By Michael Tanner
Wednesday, April 16, 2014
Yesterday was, of course, tax day, the day on which most
Americans file their federal and state income taxes. This, it should be noted,
is different from the day on which Americans finally stop working just to pay
taxes, which this year falls on April 18, three days later than last year.
Until then, the government collects, on average, every cent that Americans
earn, so you may still have a few more days to go until you can keep the fruits
of your labor.
Altogether, Americans will pay roughly $3 trillion in
federal taxes this year, the most ever in nominal dollars. For taxes as a share
of GDP, it is topped only by the year 2000. So much for the idea that our
budget problems are caused by a lack of revenue.
Tax day inevitably brings out a wide variety of pundits
and politicians to repeat a number of persistent myths about American taxation,
in particular the recycled claims about how the current tax system is rigged
against the poor and middle class to benefit the wealthy.
There certainly is much to criticize about the American
tax system. It is far too complex and riddled with special-interest favors.
There is definitely something wrong when an estimated 1,000 American households
earning more than $1 million were able to avoid paying any income taxes in
2013. Moreover, the time and effort put into tax avoidance is badly distorting
to the economy in general. Those who believe in free markets should admit that
not every tax break is justifiable.
However, on the larger point, wealthy Americans already
pay a disproportionate share of federal income taxes. The top 1 percent earns
16 percent of all income in the United States, while paying 36.7 percent of all
federal income taxes. The top 5 percent earns just over a third of U.S. income,
but pays 59 percent of federal income taxes. On the other hand, the bottom half
of tax filers earns 12 percent of U.S. income, but pays just 2.4 percent of
federal income taxes. In fact, the 400 highest-earning Americans together pay
nearly as much in federal income taxes as do the 50 percent of taxpayers at the
low end of the scale. So, yes, the rich earn a lot more than the rest of us —
that’s what makes them rich, after all — but they pay even more.

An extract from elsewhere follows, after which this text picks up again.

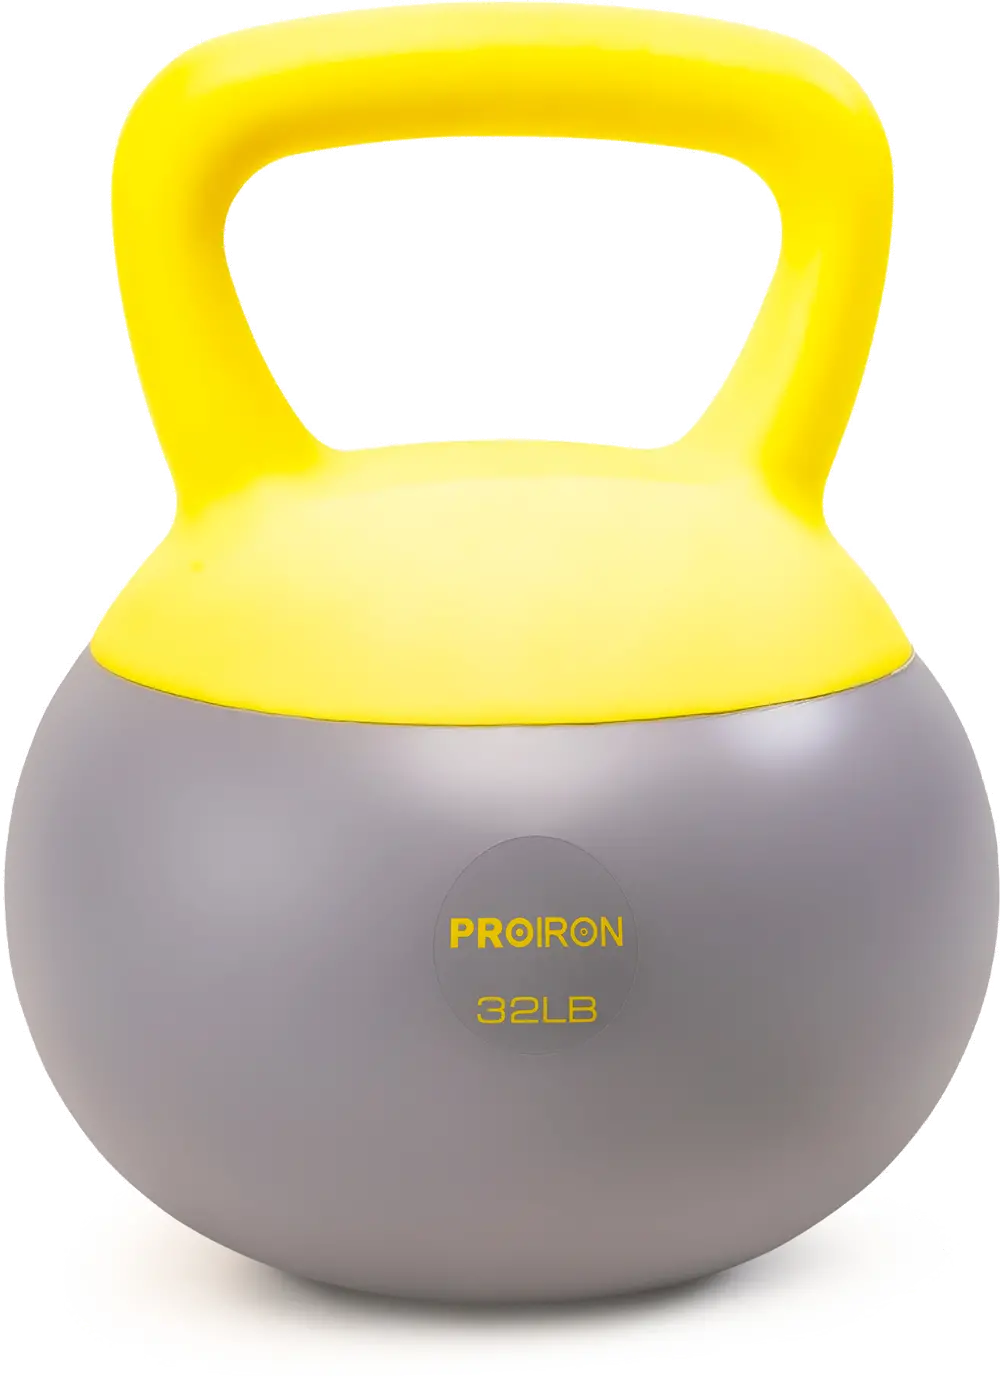 PRO-HL32L PROIRON 32 lb. Soft Kettlebell-1

True, if you also take into account sales, payroll and
corporate income taxes, things even out a bit. But even so, in 2010 the average
federal tax rate was only 11.5 percent for the middle quintile, compared to 24
percent for the highest quintile. The much-maligned 1 percent faced an even
higher average rate of 29.4 percent. All of this is before the increase in the
top tax rates as part of the fiscal-cliff deal and the numerous tax increases
embedded in Obamacare take effect; today, the tax system is even more
progressive than it was four years ago.
And if you consider taxes as a transaction — what people
receive from the government vs. what they pay — in 2010 those in the lowest
quintile paid, on average, $300 in federal taxes but received $8,600 in
transfers from programs like the earned-income tax credit, the Supplemental
Nutrition Assistance Program, and the refundable portion of the child tax
credit. But this phenomenon was hardly confined to the lowest-income Americans.

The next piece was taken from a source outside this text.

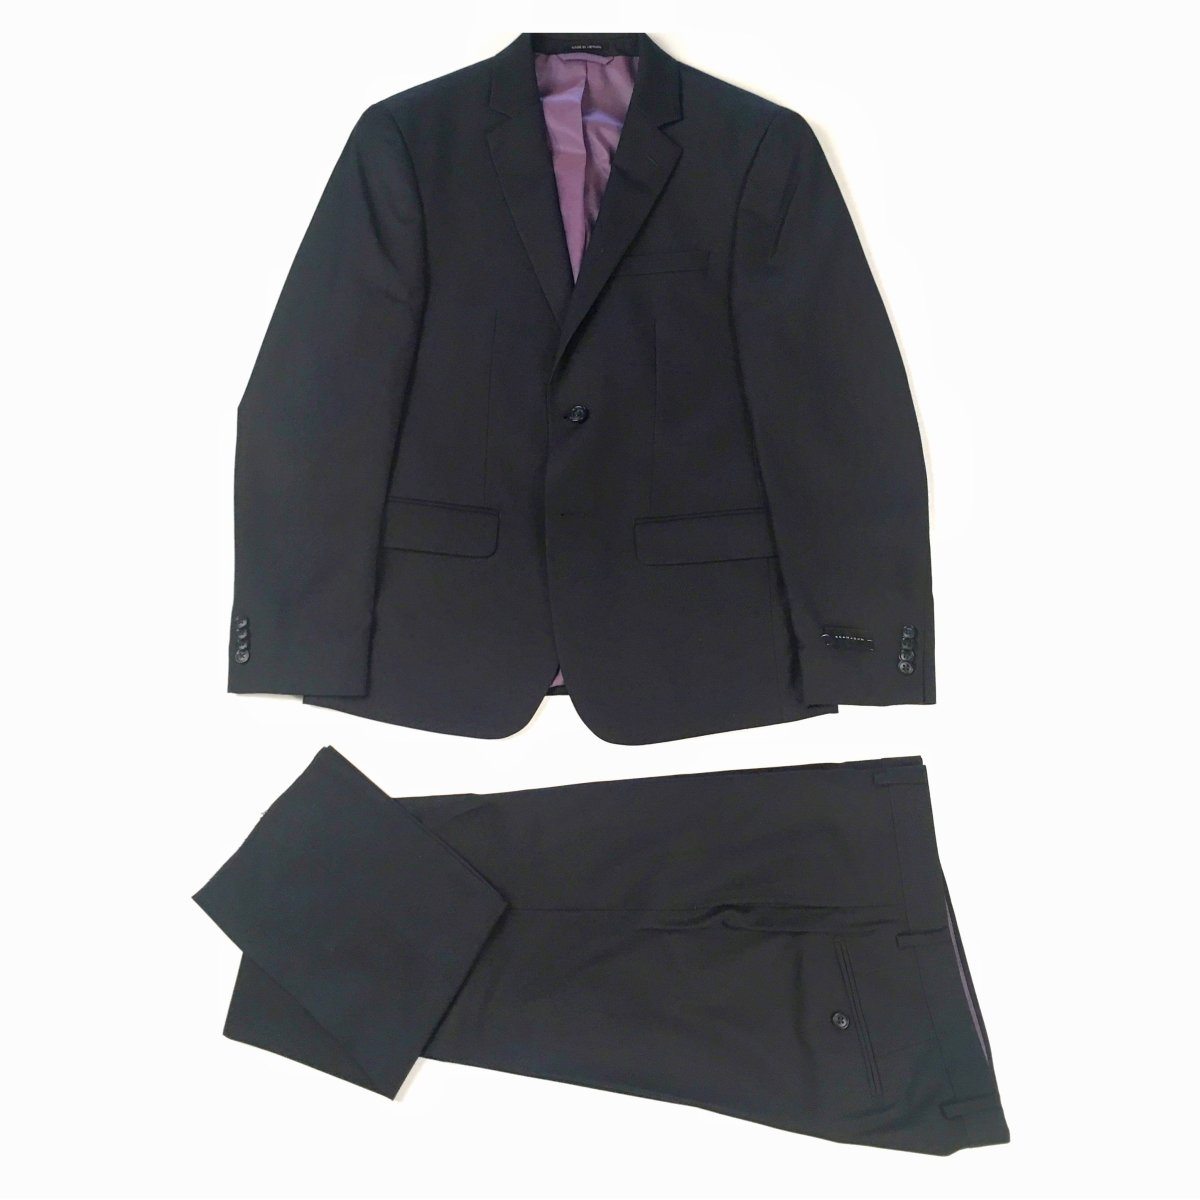 Sean John Mens Ultra-Slim Plain Navy Suit Suits (Men) Sean John

Indeed, three-fifths of Americans received more in transfers than they paid in
federal taxes, with those in the middle quintile receiving $8,400 more than
they paid in.
As can be seen from the numbers above, the U.S. tax code
is quite progressive. But American liberals might be shocked to discover that
the United States actually has the most progressive tax system of all the major
industrialized democracies. The OECD measured the ratio of percentage of taxes
paid to percentage of market income for the top 10 percent of earners in 24
countries. Total market income is far larger than total taxes paid, so even if
the ratio is above 1, this is not saying this population pays more in taxes
than they earn; it is saying that the share of taxes they pay is greater than
the share of income they earn. In this report the U.S. came out on top, with
the share of taxes paid equaling 135 percent of the share of income earned, far
ahead of such “progressive” countries as France (110 percent), Denmark (102
percent), and Sweden (100 percent).
We think of the European countries as having progressive
tax systems because they have such high taxes on the rich. But we forget that
they have high taxes on everyone else too. In addition, they rely heavily on
value-added taxes, which are highly regressive. In 2011, nearly 18 percent of
Europe’s tax receipts, on average, came from value-added taxes — as much as 30
percent in Lithuania. Nor should we forget that the United States has a higher
corporate tax rate than any of our European rivals.
A serious debate about tax reform is long overdue. But
any such debate will require a few more facts — and a bit less class warfare.